Диалог с «Алой буквой» Натаниеля Готорна
Открыла ты, бедняга Гестер Прин,
Греховность пуританского смиренья:
Пылал, ликуя, буквой алый принт,
Ища в сердцах прохожих вожделенье.
О женщина, упавшая в вулкан
Безбожного слепого фантатизма,
Познала ты сполна самообман
Бросающих в себя же укоризны.
Твоя любовь, не знавшая стыда,
Созрела в почве благостной и нежной,
И даже дней тяжёлых череда
Не смела рушить храм твоей надежды.
Я далека от прожитых веков,
От дней твоих и тягостных страданий,
Но слышится мне звон колоколов,
И вижу, как беснуют пуритане.
Жорж Санд* и Фредерик Шопен
— Аврора, сними этот строгий костюм!
Коснись же меня, я ведь жив!
— Оставь, Фредерик! Крепись и пиши
Ноктюрны, сонаты для них.
— Аврора, сними этот строгий костюм!
Мне страшно... Где наше вино?
— Ты к смерти спешишь? Как щёки бледны...
Укутайся, милый, в пальто.
— Аврора, сними этот строгий костюм!
В Майорке невежды живут!
— Не слушай испанцев. Доверься себе.
Будь горд, — не ввергайся в абсурд.
— Аврора, сними этот строгий костюм!
Оденься в тот пурпурный шёлк!
— Жорж Санд — не актриса, не кукла, Шопен!

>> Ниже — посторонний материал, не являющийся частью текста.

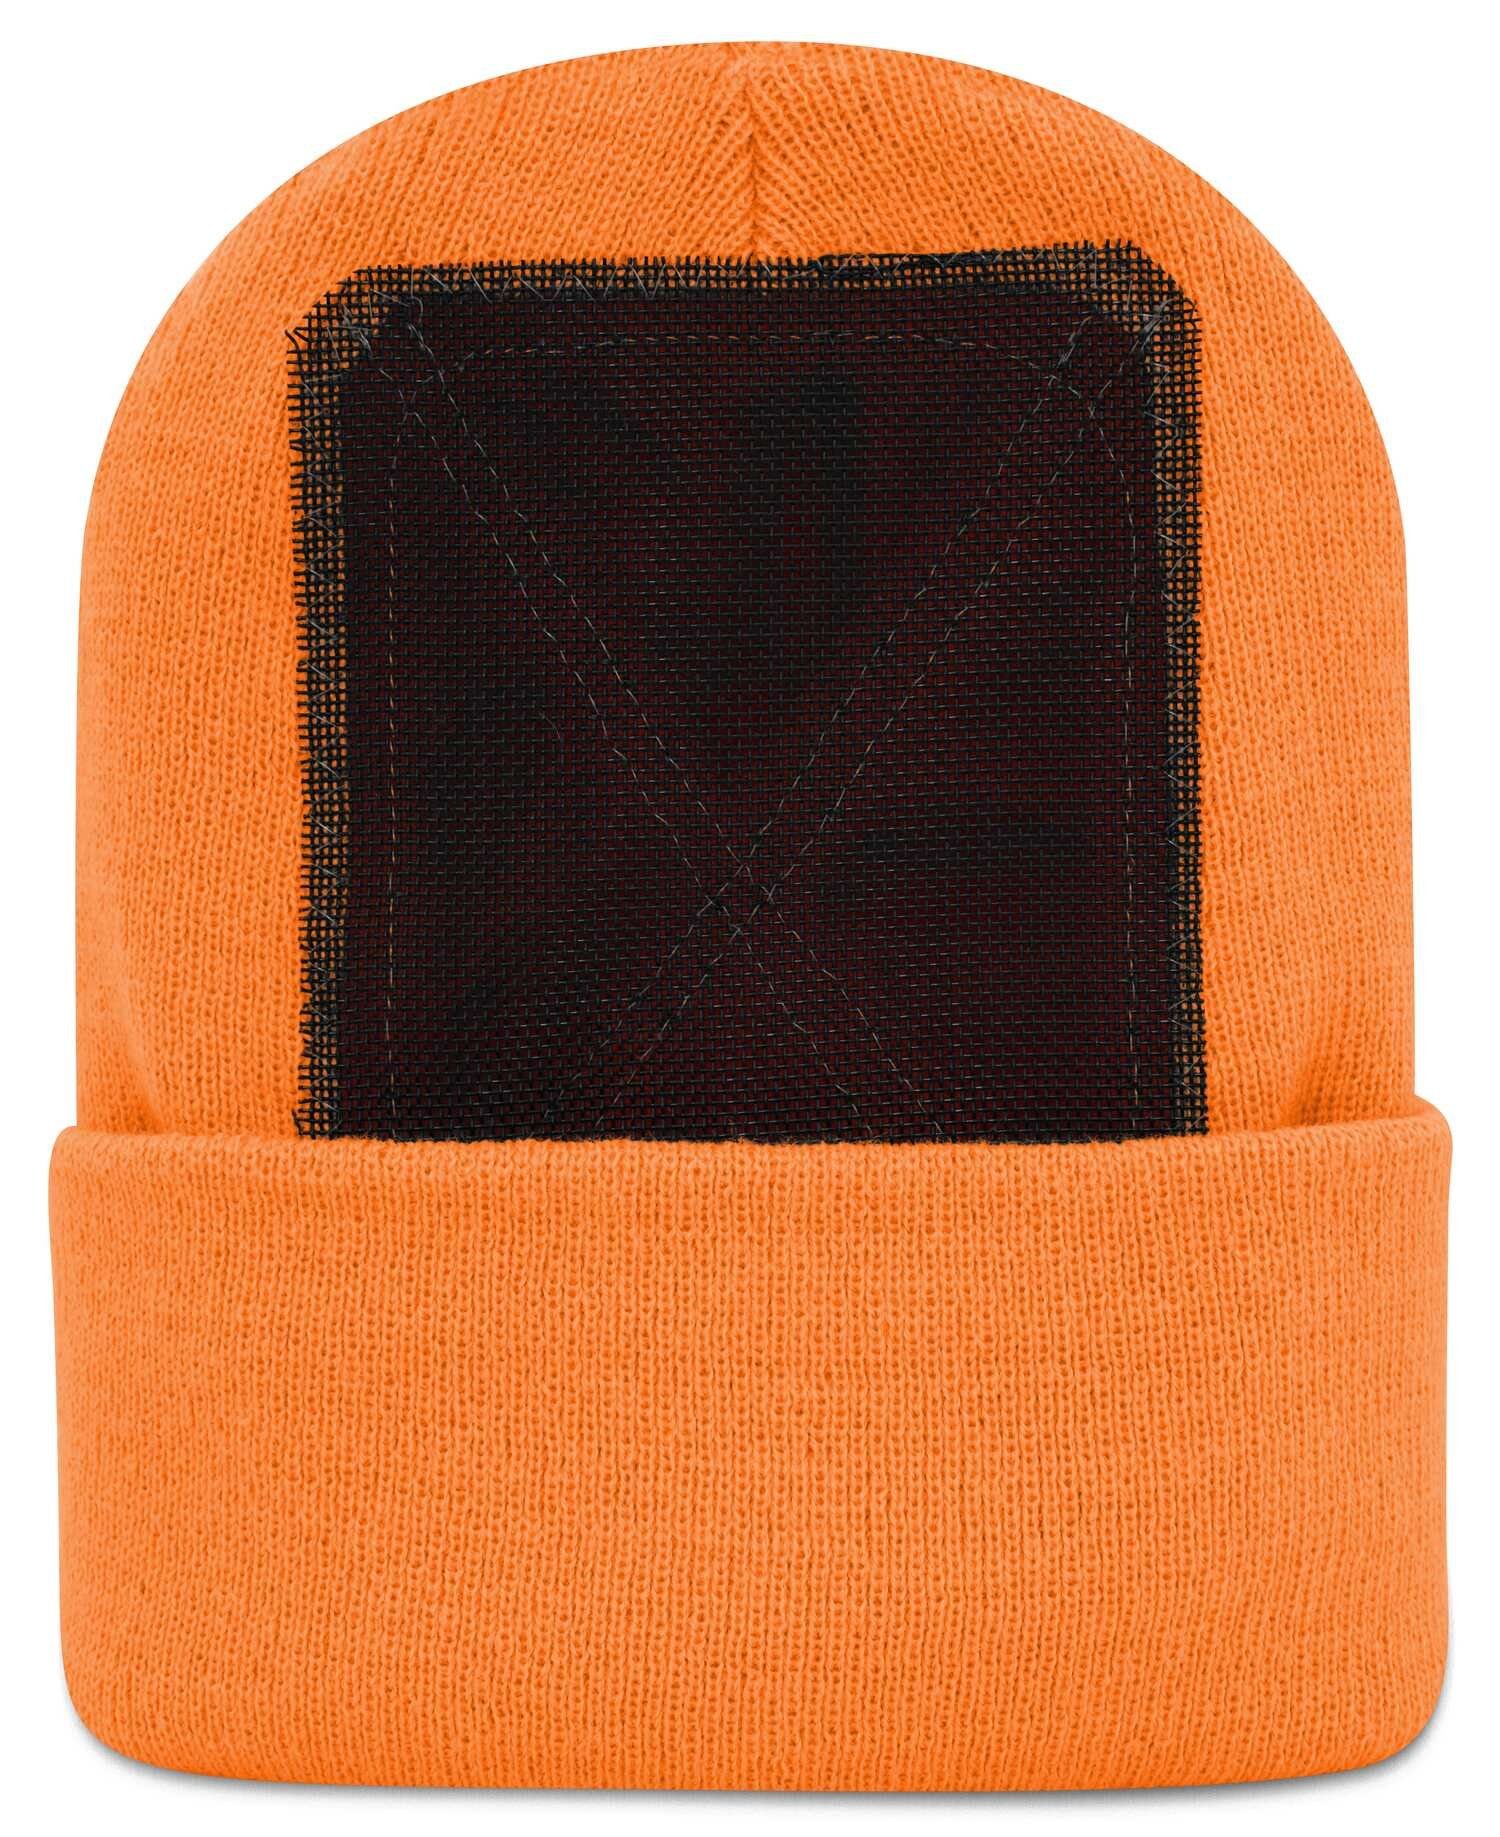 BACKSPIN Sportswear Beanie Headspin Orange

«Скала...» - прошептал он и смолк.
*(настоящее имя Жорж Санд – Аврора Дюпен)
Август
Маленький август плясал
Бликами крошечных лун.
Лес, будто сказочный бал,
Звал нас дрожанием струн.
Травы, созвездья цветов
Спали на теле земли, —
Тени их солнечных снов
Плыли в наземной пыли.
Мы затаились с тобой
В доме из жёлтого льна,
И, как немой часовой,
Нас охраняла луна.
Шорохи, шутки и смех
Шумно летали внутри, —
Так мы спасались от всех
Под покрывалом зари.
Наши тела берегли
Знойно-хмельное тепло,
Как облака-корабли —
Млечно-златое вино.
Юный гонец сентября
Нёс нам прощальный набат, —
Я целовала тебя,
Чтобы вернуться назад.
Маленький август плясал
Бликами крошечных лун, —
В наших счастливых глазах
Он на столетье уснул...
Non irae, sed paci amamus*
Корабль, раздувая свой парус,
По волнам бесчисленных трасс
Бежит, как от хищника страус,
В свой первый (единственный?) раз.
Не Ванга я, не Нострадамус,
Но вижу я сбыточность фраз —
Non irae, sed paci amamus*,
Мой милый, мы любим для нас.
Нам нужно сберечь наше судно,
От шторма в тревогу не впасть.
О как бы нам не было трудно! —
Спасёт не рассудок, а страсть.
В сплетенье теней и дыханий
Покой для расшатанных душ
Отыщем. И эхом скитаний
Нам гнев вдруг окажется чужд...
*Не для гнева, а для мира мы любим.
Homo
в немом и беззащитном homo
сокрыто и зарыто Слово,
желающее битв.
но он сидит безмолвно дома,
укрывшись в мягкое «знакомо»,
глуша сердечный ритм.
гляди! плетут паучьи лапы
узорчатую смерть, а латы
заброшены в чулан.
что слоганы? — пустые траты
для рабского электората,
избравшего Обман.
непримиримые — в могилах,
а на живых дрожащих спинах —
тоталитарный груз.
не сбросят! но нести не в силах,
и умирают с болью в жилах,
как на кресте — Иисус...
..................................................................
мой выбор — жить в объятьях Лоно
и в духе храброго Ясона,
держа у сердца щит!
...................................................................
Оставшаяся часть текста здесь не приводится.